Is there some flaw with this idea ... some reason why it's stupid?
that's a cool theme, that doesn't have that much literature, that was done on it before. So this is pretty much a brainstorming post, rather than an answer to all your problems ;)
So every TSP can be expressed as a graph, that looks possibly like this one: (taken it from the german Wikipedia)
Now you can run a graph algorithm on it. MapReduce can be used for graph processing quite well, although it has much overhead.
You need a paradigm that is called "Message Passing". It was described in this paper here: Paper.
And I blog'd about it in terms of graph exploration, it tells quite simple how it works. My Blogpost
This is the way how you can tell the mapper what is the current minimum result (maybe just for the vertex itself).
With all the knowledge in the back of the mind, it should be pretty standard to think of a branch and bound algorithm (that you described) to get to the goal. Like having a random start vertex and branching to every adjacent vertex. This causes a message to be send to each of this adjacents with the cost it can be reached from the start vertex (Map Step). The vertex itself only updates its cost if it is lower than the currently stored cost (Reduce Step). Initially this should be set to infinity.

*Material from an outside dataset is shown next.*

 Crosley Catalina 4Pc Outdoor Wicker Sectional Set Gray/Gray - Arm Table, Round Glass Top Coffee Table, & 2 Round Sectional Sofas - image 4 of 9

You're doing this over and over again until you've reached the start vertex again (obviously after you visited every other one). So you have to somehow keep track of the currently best way to reach a vertex, this can be stored in the vertex itself, too. And every now and then you have to bound this branching and cut off branches that are too costly, this can be done in the reduce step after reading the messages.
Basically this is just a mix of graph algorithms in MapReduce and a kind of shortest paths.

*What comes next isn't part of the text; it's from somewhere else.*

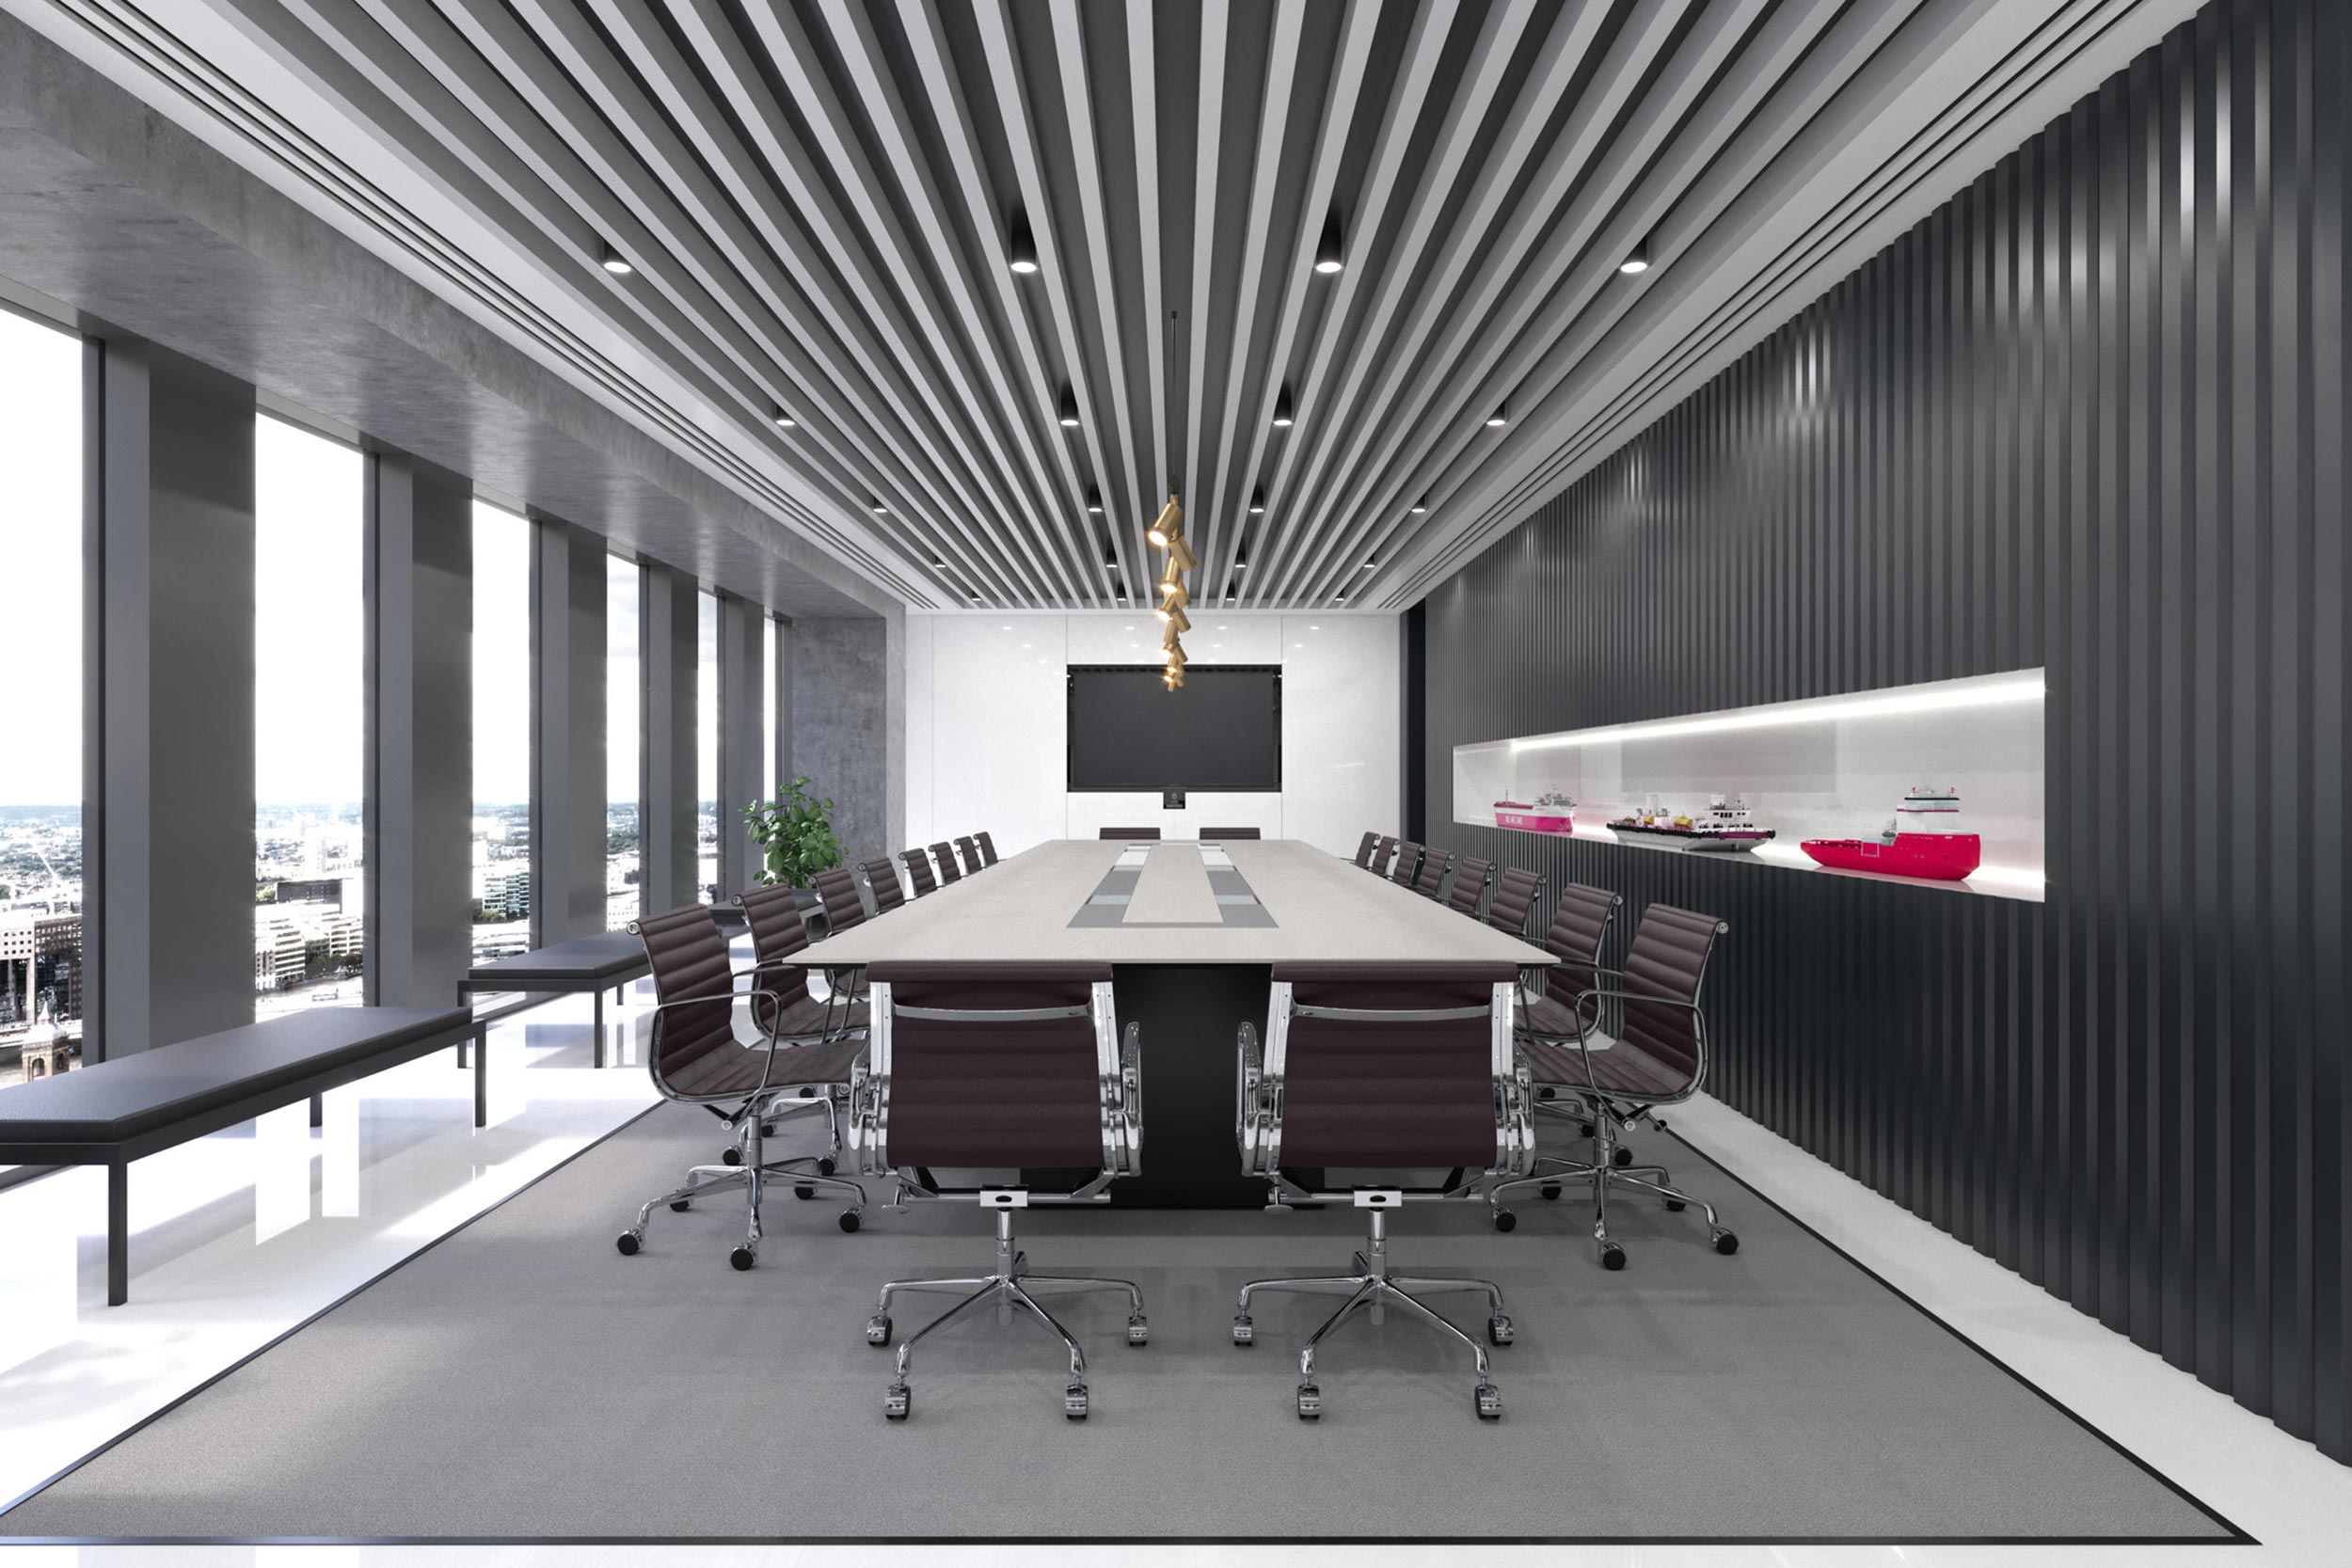 Ocean Network Express Commercial Property Development Office Interior Designer CGI Concept Visual by Unit4, London

Note that this won't yield to the optimal way between the nodes, it is still a heuristic thing. And you're just parallizing the NP-hard problem.
BUT a little self-advertising again, maybe you've read it already in the blog post I've linked, there exists an abstraction to MapReduce, that has way less overhead in this kind of graph processing. It is called BSP (Bulk synchonous parallel). It is more freely in the communication and it's computing model. So I'm sure that this can be a lot better implemented with BSP than MapReduce. You can realize these channels you've spoken about better with it.
I'm currently involved in an Summer of Code project which targets these SSSP problems with BSP. Maybe you want to visit if you're interested. This could then be a part solution, it is described very well in my blog, too. SSSP's in my blog
I'm excited to hear some feedback ;)
It seems that Storm implements what I was thinking of. It's essentially a computational topology (think of how each compute node might be routing results based on a key/hashing function to the specific reducers).
This is not exactly what I described, but might be useful if one had a sufficiently low-latency way to propagate current bounding (i.e. local optimum information) which each node in the topology could update/receive in order to know which results to discard.